# Roll Call: The Laughter Factory - Bar [email protected] Lodge (16th Oct)



## crazymazy1980 (Aug 2, 2008)

Nightlife, Dubai Nightlife, Nightlife Events, Guide and Information - TimeOutDubai.com

This weeks Thurday drinking excursion is a comical affair. See the link.

I've been told by some friends who have lived here for a while that these comedy nights are really funny and combined with the ability to drink beer I am pretty much sold. 

Bar Chi is the location and comedy starts at 2100. There is a map on the TimeOut link or just tell your ever faithful Dubai Taxi Driver and he will get you there.

Cost is 115AED to get in.

Who's coming...?


----------



## Maz25 (Jul 6, 2008)

I'll be there! About time, we did something else!


----------



## Elphaba (Jan 24, 2008)

An excellent idea (although I don't think I can make it to this one). The comedy evenings are usually very good and the more they are supported the better the acts we will get to see.

They are also run by a mate of mine (Duncan). 



-


----------



## DXB-NY (Oct 6, 2008)

Might go. I am guessing we can get the tickets @ the door.


----------



## Maz25 (Jul 6, 2008)

DXB-NY said:


> Might go. I am guessing we can get the tickets @ the door.


That's a good point! Is that the case, crazymazy??


----------



## crazymazy1980 (Aug 2, 2008)

Maz25 said:


> That's a good point!

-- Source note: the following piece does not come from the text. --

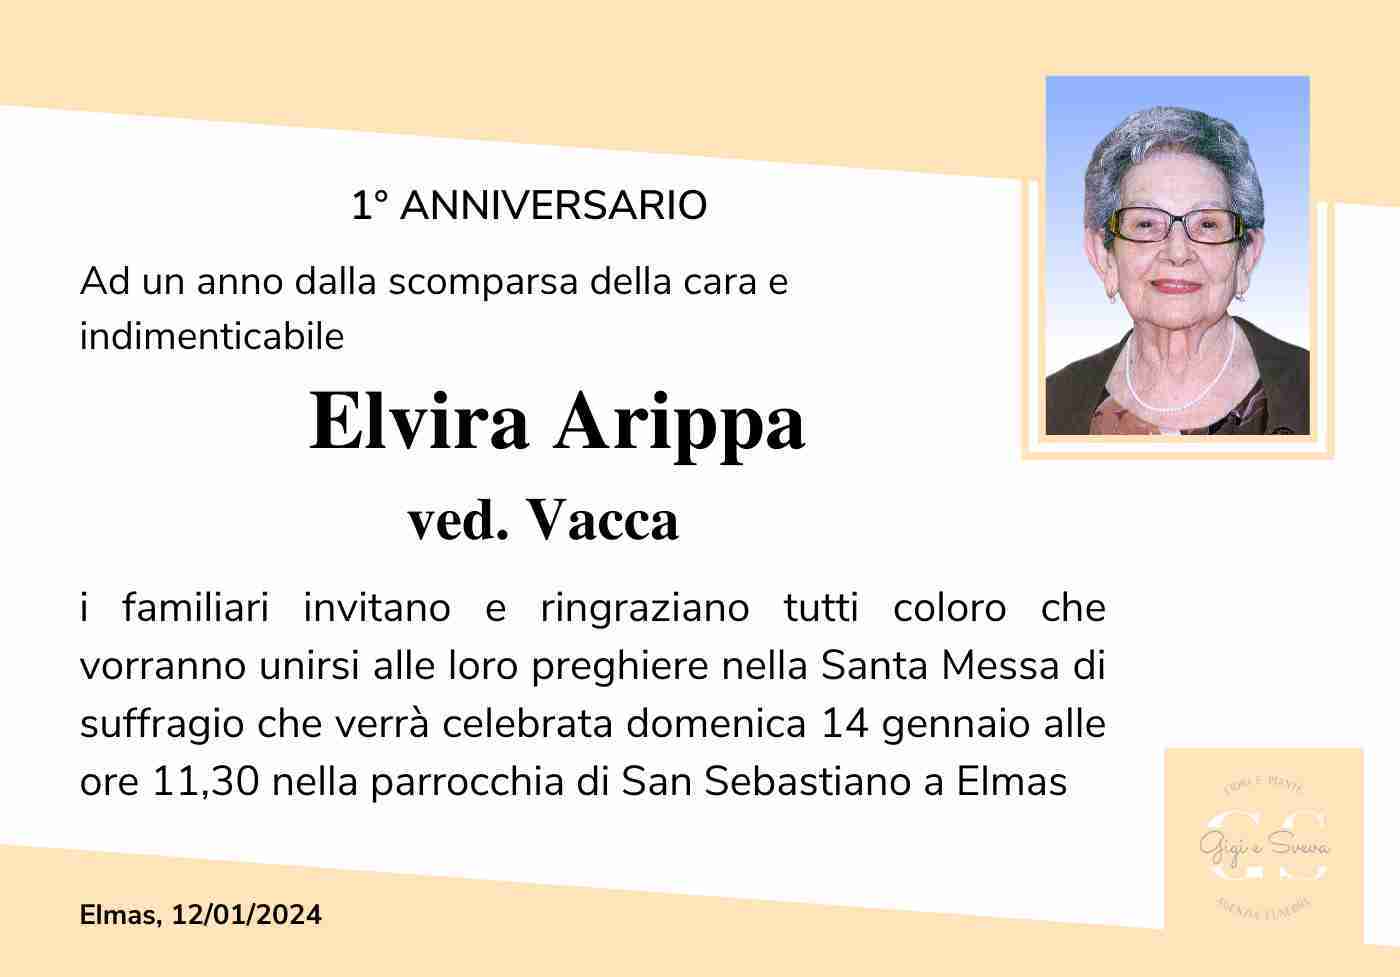 Elvira Arippa

Is that the case, crazymazy??


You know what I am not too sure. 

You can buy them on the Time Out Website if you follow the original link.

Am seeking external clarification but Elphaba (or anyone else), 

What do you know about buying the tickets at the door?

115AED = GBP18.24 = USD31


----------



## DXB-NY (Oct 6, 2008)

Also does anyone know where the commedians are from? Assuming they are British- then i have to stay sober to fully concentrate, as British English/ accents has a tendency to be somewhat challenging. I still wonder how the word "Leicester" is pronounced as Lester. What happened to the "ice"?

I am American btw. lol.


----------



## mazdaRX8 (Jul 13, 2008)

haha, hrm wonder where this [email protected] the lodge comedy stage thing is... I've been there on a Thursday before and it was a huge club, techno and hip hop. And they didn't let anyone who didn't have a girl with them inside.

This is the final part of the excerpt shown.